To display pictures Panini uses OpenGL, a low level graphics API that is tightly integrated with the system's video drivers. OpenGL cannot be installed as a separate piece of software. If the version of your OpenGL implementation is less than 1.2 or does not support cubic texture mapping, Panini will not run. If the OpenGL version is less than 1.5 it may not be able to display all pictures correctly.
You will get best results with OpenGL version 2.0 and above. That means you should have either a "gaming" video card, or a recent "multimedia" one. But ultimate gaming performance is not needed; a basic version 2 system should be adequate. Cards to upgrade most desktop PCs to that level now cost under $50.

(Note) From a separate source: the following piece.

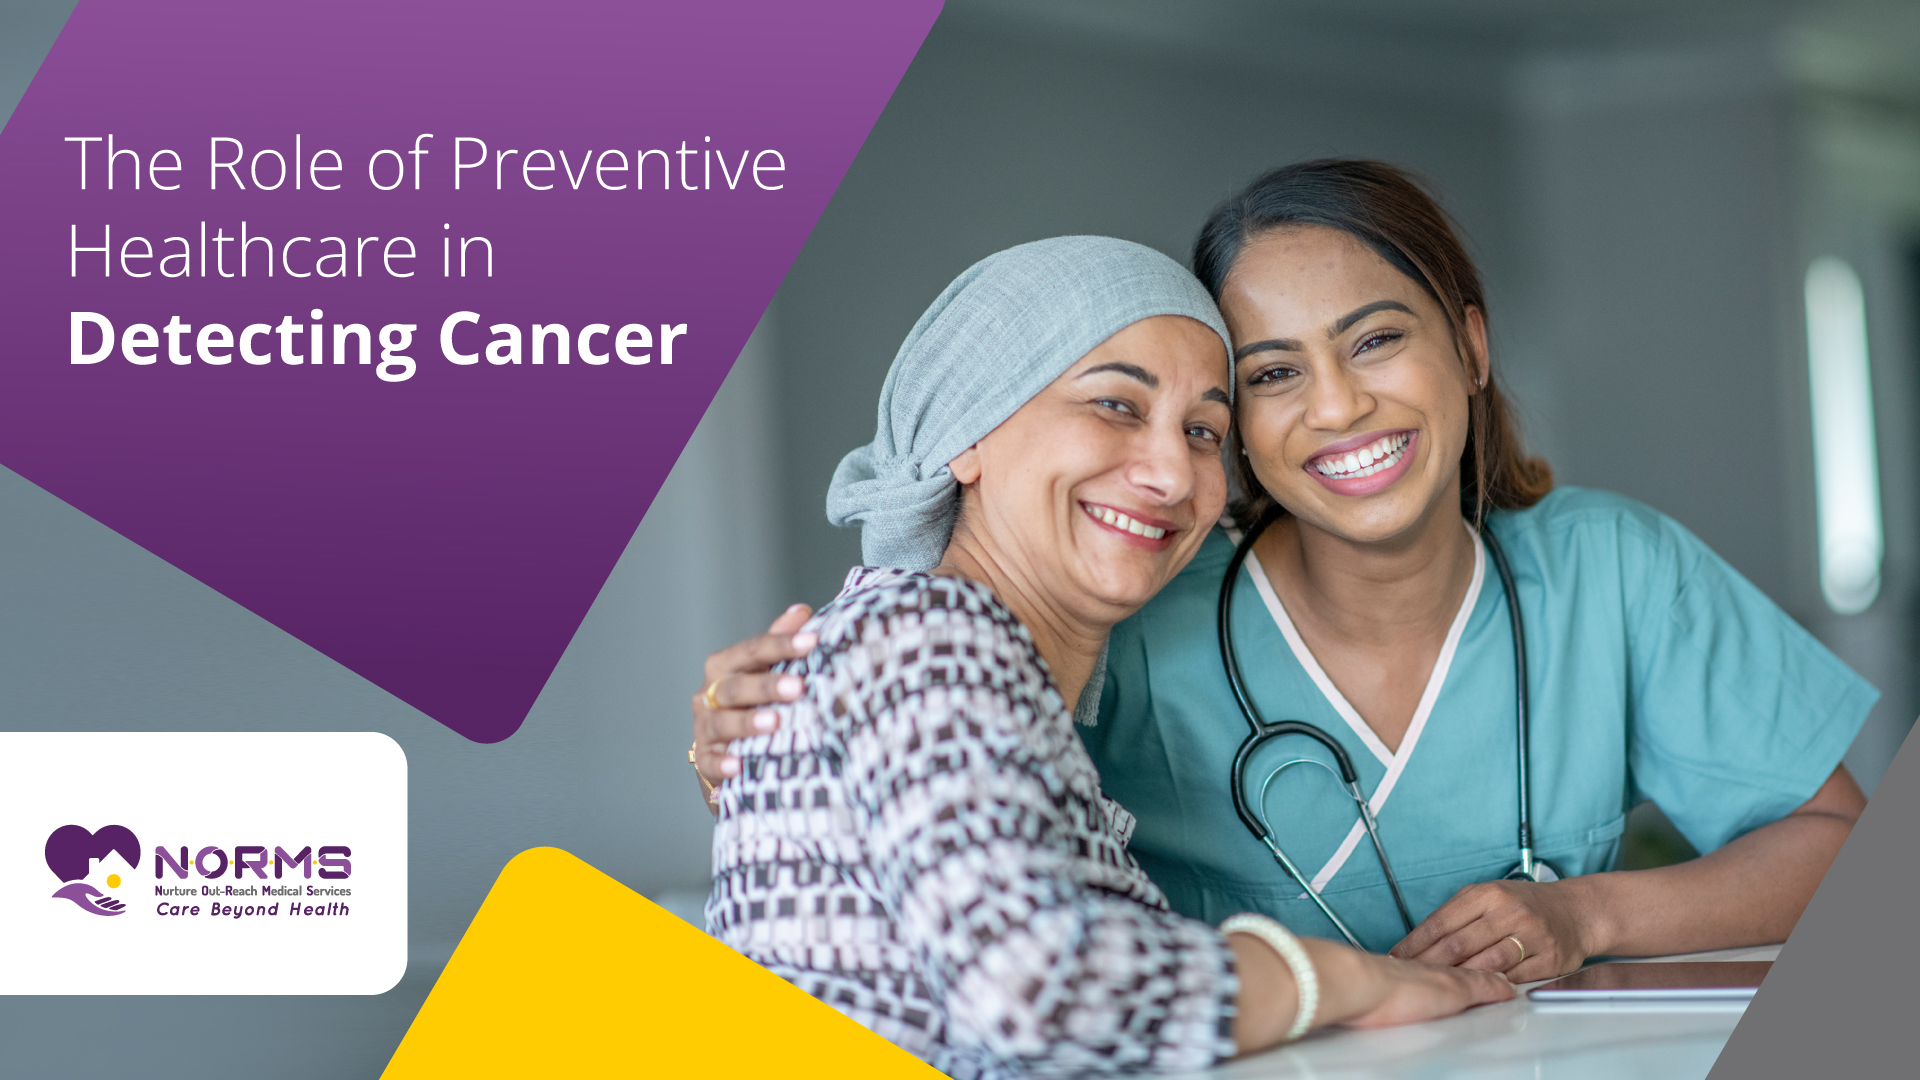 How does preventive healthcare help in detecting cancer

On Ubuntu Linux you will probably need to install the manufacturer's video drivers (both nVidia and ATI now supply them). Ubuntu does not install these drivers by default because they are not open source.
The "About" dialog shows information about your system's OpenGL facilities as well as the version of Panini you are running. It reports these limits:
texPwr2: must texture dimensions be powers of 2? 0 (false) preferred.
texMax: maximum dimension of 2D textures, the bigger the better.
cubeMax: maximum dimension of cubic textures, the bigger the better.
The maximum resolution Panini can display or render depends on the amount of texture memory available. Cubic images generally support somewhat larger texture maps than the flat formats. Saved image resolution is normally several times screen resolution, however that too may be limited by OpenGL resources. If your OpenGL does not support offscreen frame buffers of arbitrary size, all saved views will be at screen resolution.
Panini places no special demands on CPU speed or memory; if you can stitch panoramas, you will have no trouble viewing them.